→ **Action item**:
Reproduce all the data exactly, without pictures.

→ **Recorded data**:
★ ★ ★ ★ ★

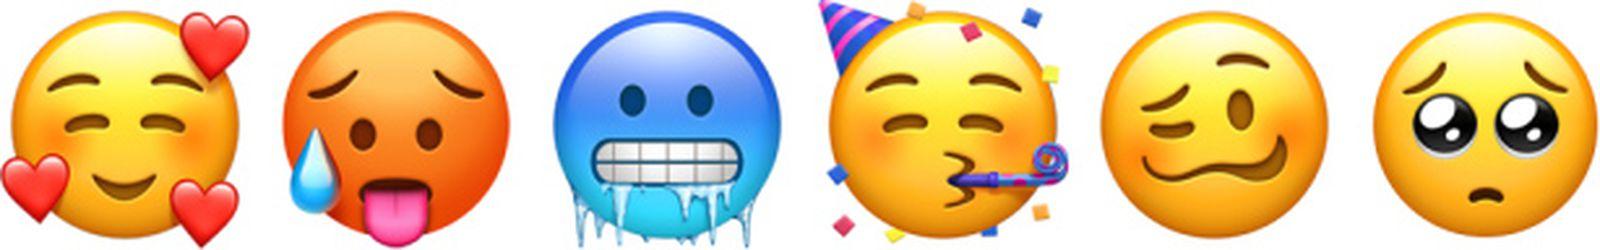 Roblox Addon Emojis How To Use Emoji On Mac Macrumors
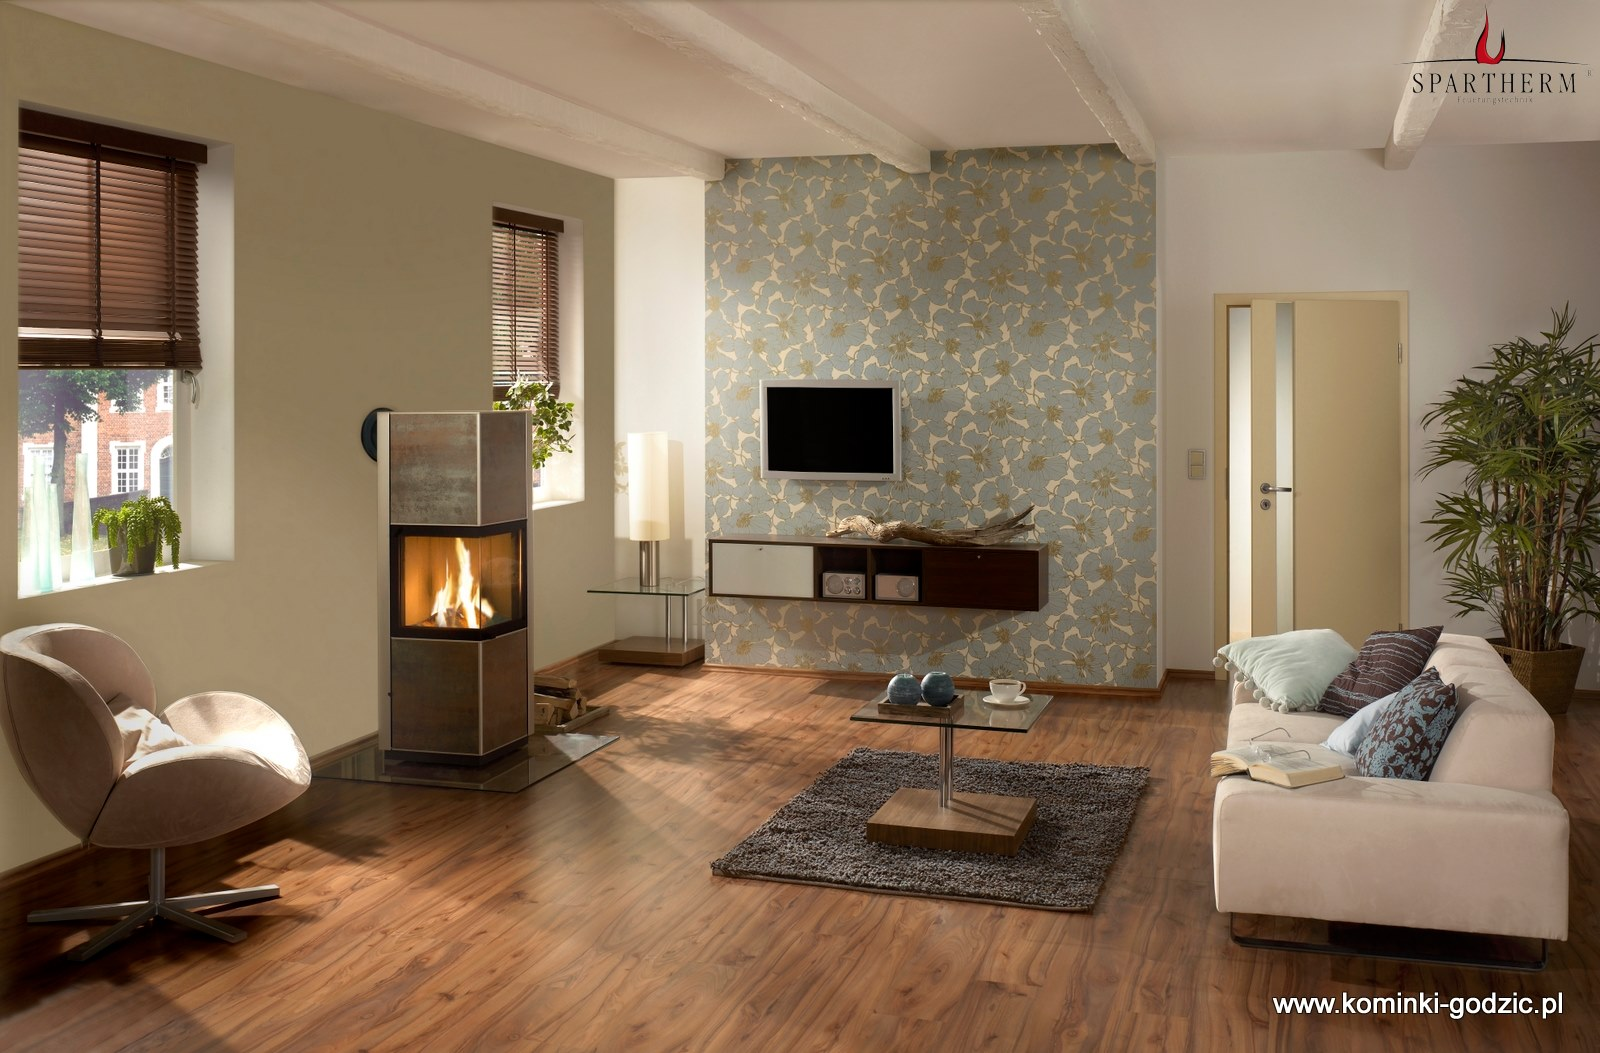 piecyki kominkowe spartherm galeria kominki. Black Bedroom Furniture Sets. Home Design Ideas
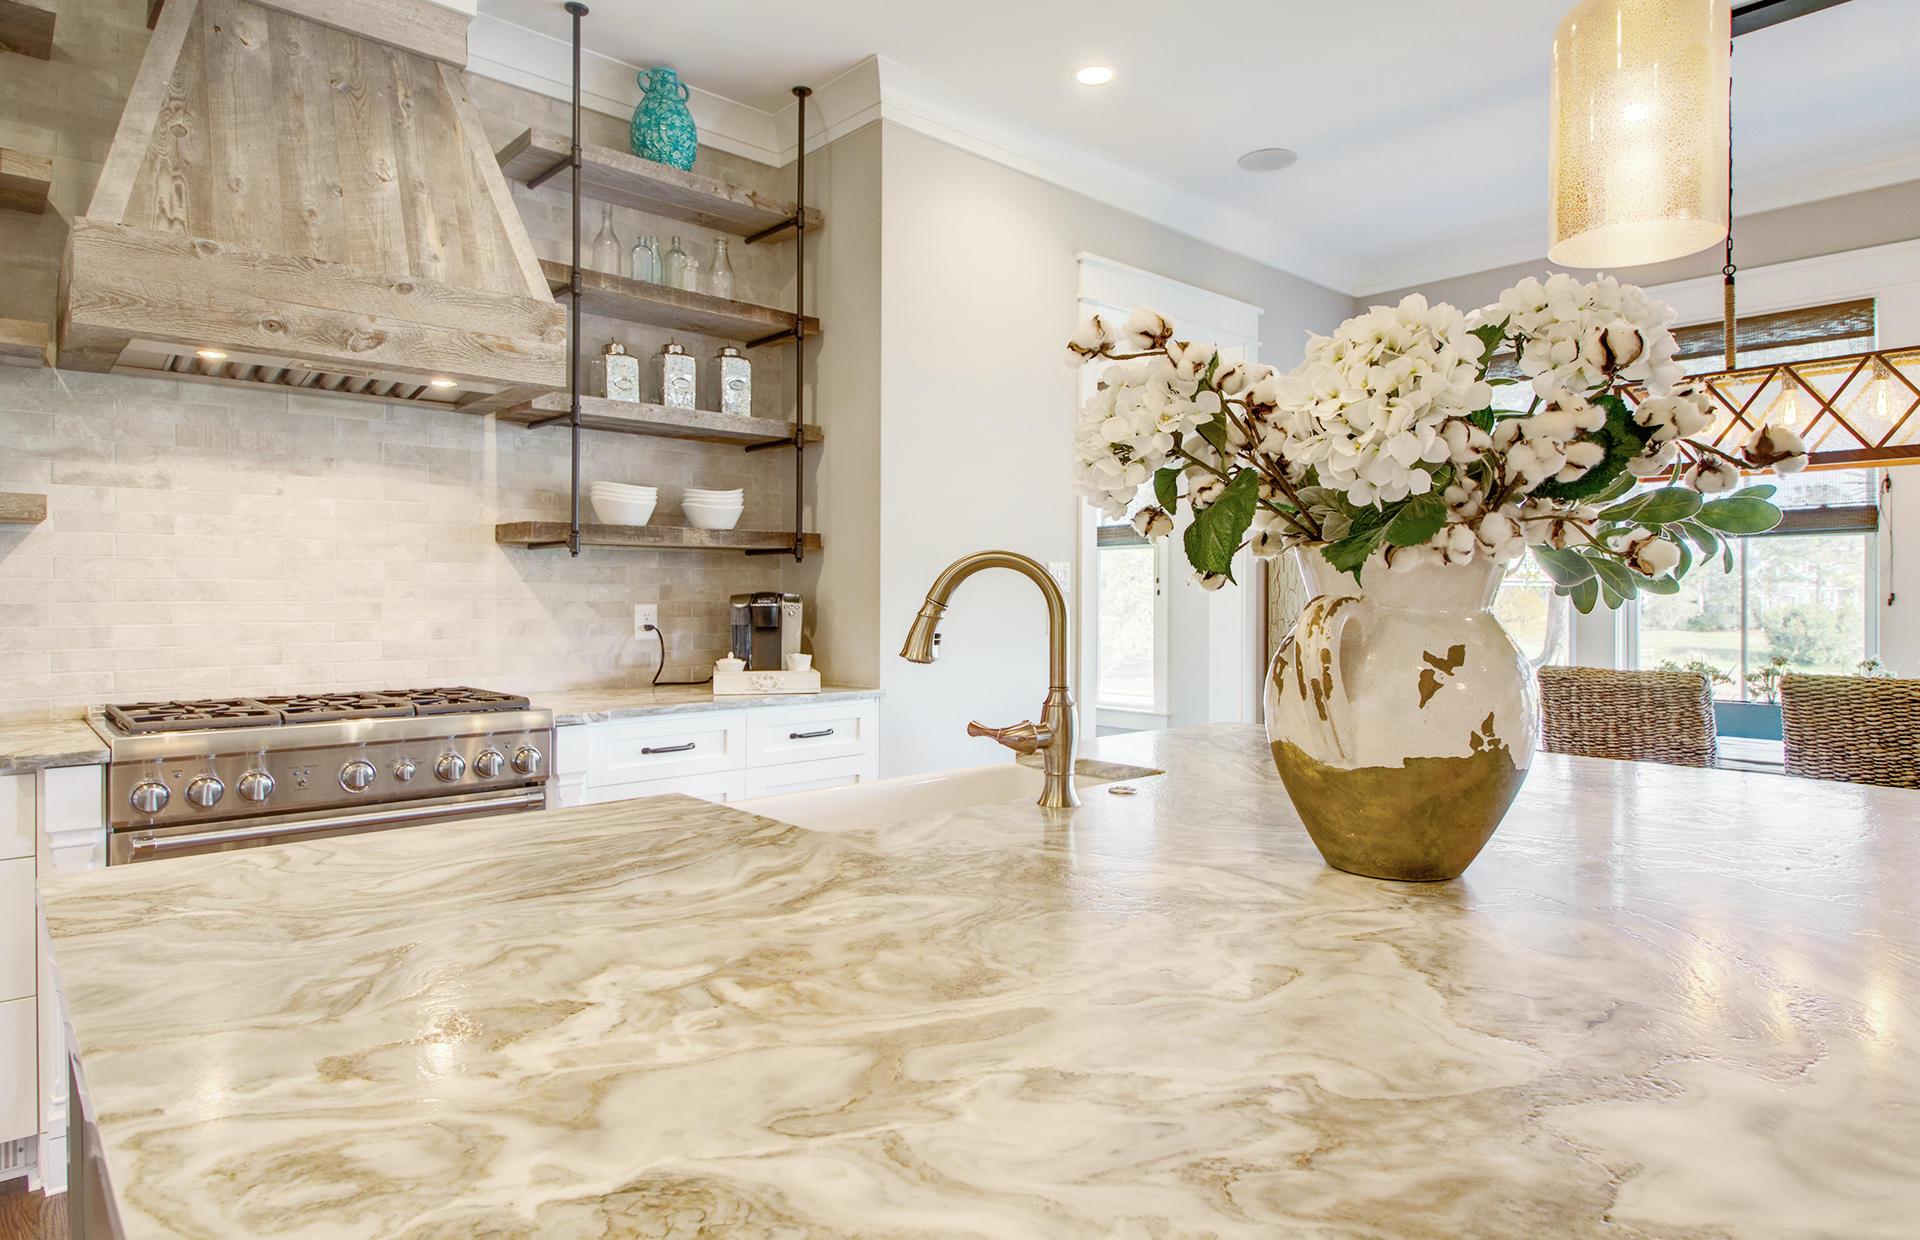 Daniel Island Park Homes For Sale - 117 Brailsford, Charleston, SC - 29

★ ★ ★ ★ ★

→ **Solution to this task**:
 Roblox Addon Emojis How To Use Emoji On Mac Macrumors
 piecyki kominkowe spartherm galeria kominki. Black Bedroom Furniture Sets. Home Design Ideas
 Daniel Island Park Homes For Sale - 117 Brailsford, Charleston, SC - 29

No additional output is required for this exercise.